Si la morphologie mitochondriale observée chez le modèle de souris mutée a dans un premier temps été déstabilisante, une observation plus précise des structures par microscopie électronique a cependant permis de proposer une théorie qui pourrait expliquer le déplacement de la balance de la dynamique mitochondriale vers la fusion chez ces souris. A très fort grossissement, il apparaît que les « grosses mitochondries », affichées par les souris Opa1+/-, présentent des caractéristiques inhabituelles au niveau de leur structure interne. Les crêtes mitochondriales montrent effectivement une désorganisation particulière qui donne l’impression que ces « grosses mitochondries » seraient le résultat de la fusion incomplète de plusieurs mitochondries qui auraient seulement fusionné leur membrane externe. La morphologie des mitochondries des souris Opa1+/- pourrait alors être la conséquence d’un échec du phénomène de fusion qui conduirait au blocage des processus de la dynamique mitochondriale en raison de l’impossibilité de fusionner correctement les membranes internes.

-Discussion générale et conclusions-

Bien que cette hypothèse soit fascinante, elle est cependant à considérer avec prudence. Malgré la puissance de la technique de microscopie électronique, les crêtes mitochondriales restent des structures présentant une organisation très complexe et il est difficile d’affirmer avec certitude que les membranes internes ne sont pas fusionnées dans les « grosses mitochondries ». L’organisation très particulière des crêtes de ces mitochondries pourrait simplement être expliquée par le rôle que joue la protéine OPA1 dans la morphologie des crêtes mitochondriales (Frezza et al., 2006), sans pour autant impliquer un problème de fusion.

Quoiqu’il en soit, le phénomène responsable de l’apparition de mitochondries surdimensionnées semble conduire à une dérégulation de la répartition de la masse mitochondriale au sein de la cellule cardiaque. Les mitochondries s’organisent ainsi sous forme d’amas et sont alignées de façon beaucoup moins régulière chez les souris mutées que chez les souris contrôles qui présentent la structure cellulaire traditionnellement décrite chez les cardiomyocytes (Ogata & Yamasaki, 1985).

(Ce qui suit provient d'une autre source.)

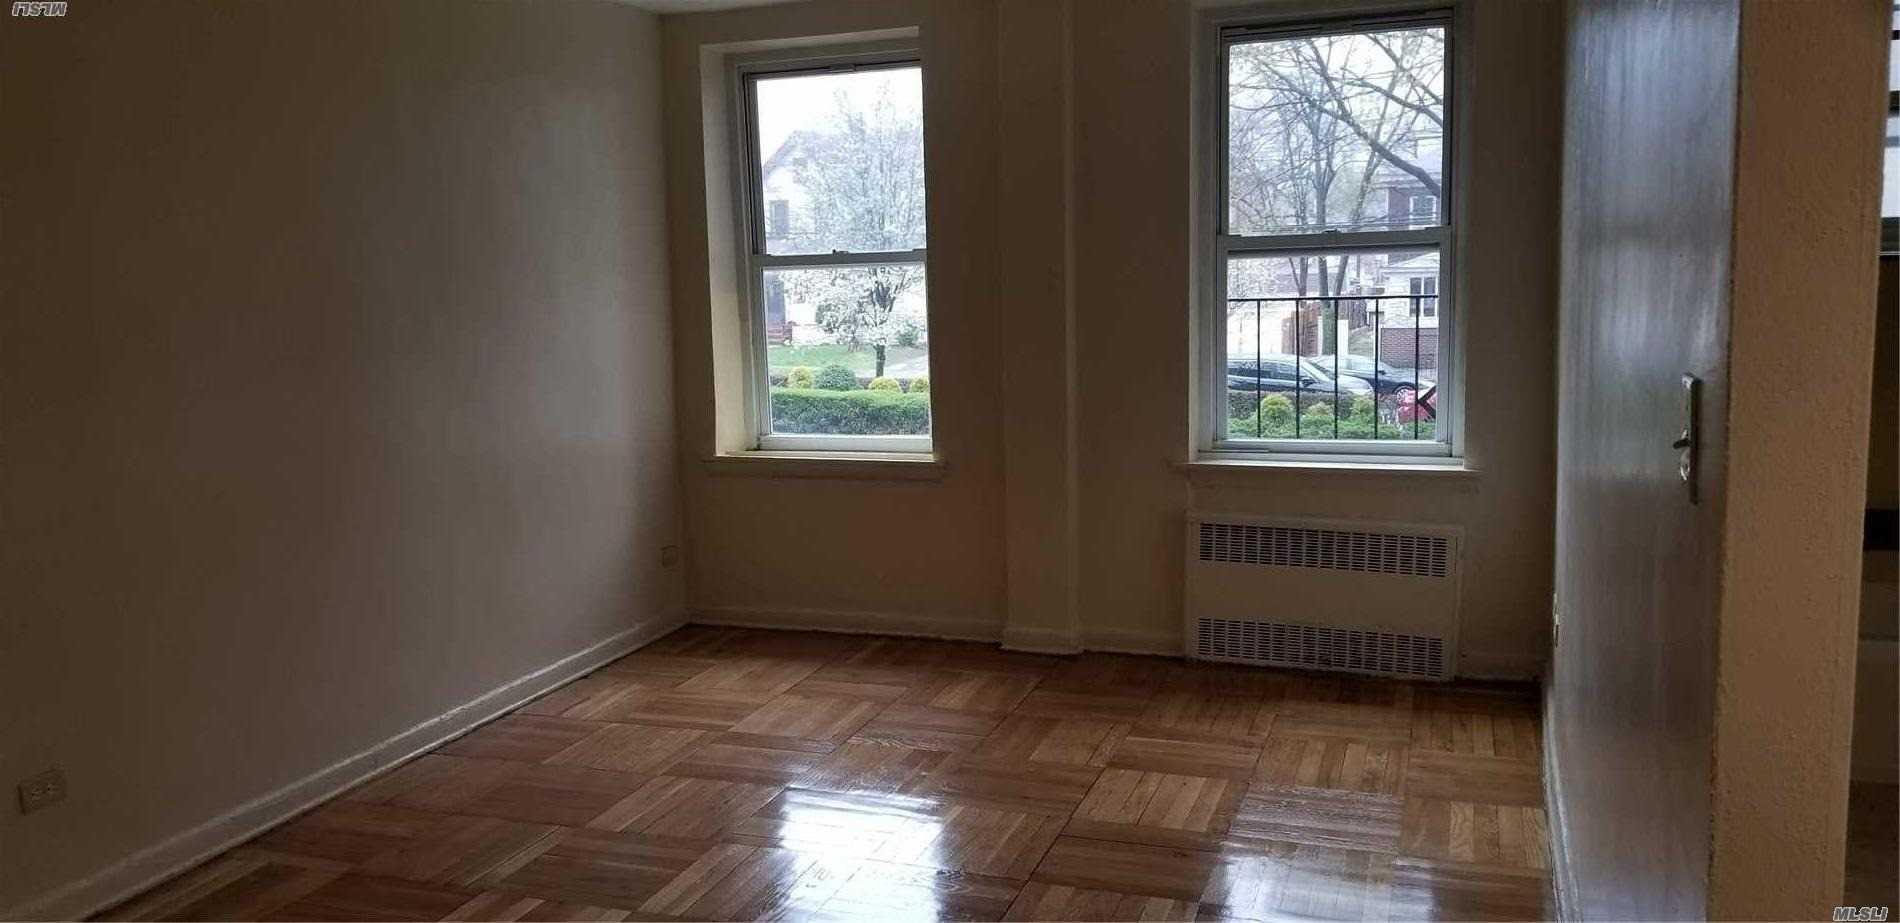 84-50 169th St, 119 - Jamaica Estates, New York

Si cette étude semble montrer qu’une réduction permanente, depuis la cellule œuf, de l’expression d’une protéine impliquée dans la fusion des mitochondries conduit à d’importantes perturbations de la morphologie de l’organelle, il est cependant difficile de tirer des conclusions générales quant à l’aspect dynamique du réseau mitochondrial dans le cœur adulte. La perturbation des processus de la dynamique mitochondriale s’effectuant tout au long de la vie de l’animal, il est en effet impossible de déduire si la morphologie observée est strictement due aux phénomènes dynamiques se déroulant pendant le développement embryonnaire et postnatal ou si d’hypothétiques fusions et fissions chez l’adulte pourraient prendre part à ce phénotype.